A bar magnet of magnetic moment M is placed in the magnetic field B. The torque acting on the magnet is:
(A)$M \times B$
(B) $M - B$
(C) \[\dfrac{1}{2}M \times B\]
(D) \[M + B\]

Answer 1

Hint: When a bar magnet is placed in a uniform magnetic field a couple force acts on the magnet which will produce torque but no translation motion. The force is not along a common line of action which leads to torque but no net force.
Formula used
$\tau = Fd$ (Where \[\tau \] is the torque and $F$is the force and $d$is the perpendicular distance between the two couple forces.)
$F = ilB$(Where $i$ is current, $B$ is magnetic field, \[l\] is the length)

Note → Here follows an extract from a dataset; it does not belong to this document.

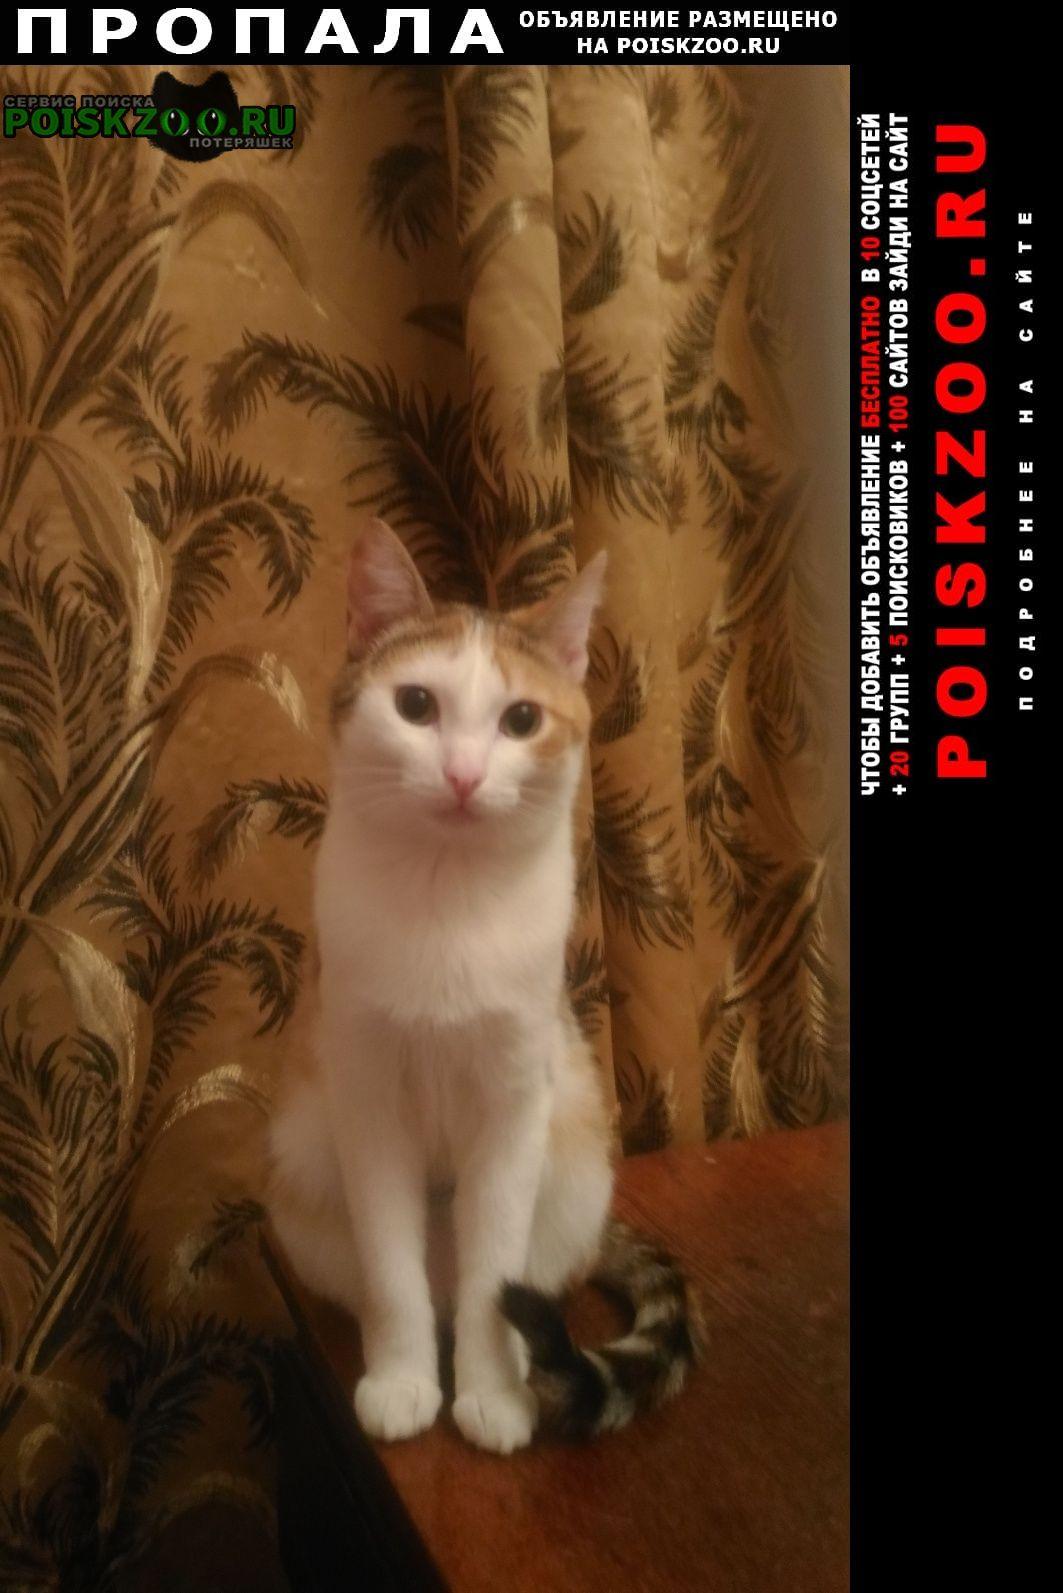 Пропала кошка просим помощи Троицк Челябинская обл.

Complete step by step solution:
A couple force consists of two parallel forces that are equal in magnitude, opposite in direction, and do not have the same line of action.
There’s a couple force acting on the magnet of magnetic moment (M) placed in a magnetic field (B) which in turn produces torque.
The torque produced by couple force is given by,
If \[\tau \] is the torque and $F$is the magnitude of couple force and $d$is the perpendicular distance between the two couple force then,
$\tau = Fd$
We know that if $i$ is current, $B$ is magnetic field, \[l\] is the length,
$F = ilB$
From using the two formulas stated above we can also state that,
If \[b\]is the length of magnet/wire and \[\sin \theta \]is the sin of the angle between magnet/wire and couple force then,
\[\tau = ilBb\sin \theta \]
The term $ilb$ is the dipole moment (M).
Hence, we can assert that,
\[\tau = MB\sin \theta \]
\[ \Rightarrow \tau = M \times B\]

Therefore, the answer to our question is (A)$M \times B$.

Note:
Couple forces only produce rotational motion, not translation motion. As their net force is zero but the net torque due to them is not zero. Therefore here also magnetic force will apply a net torque on the magnet and the net force will be zero.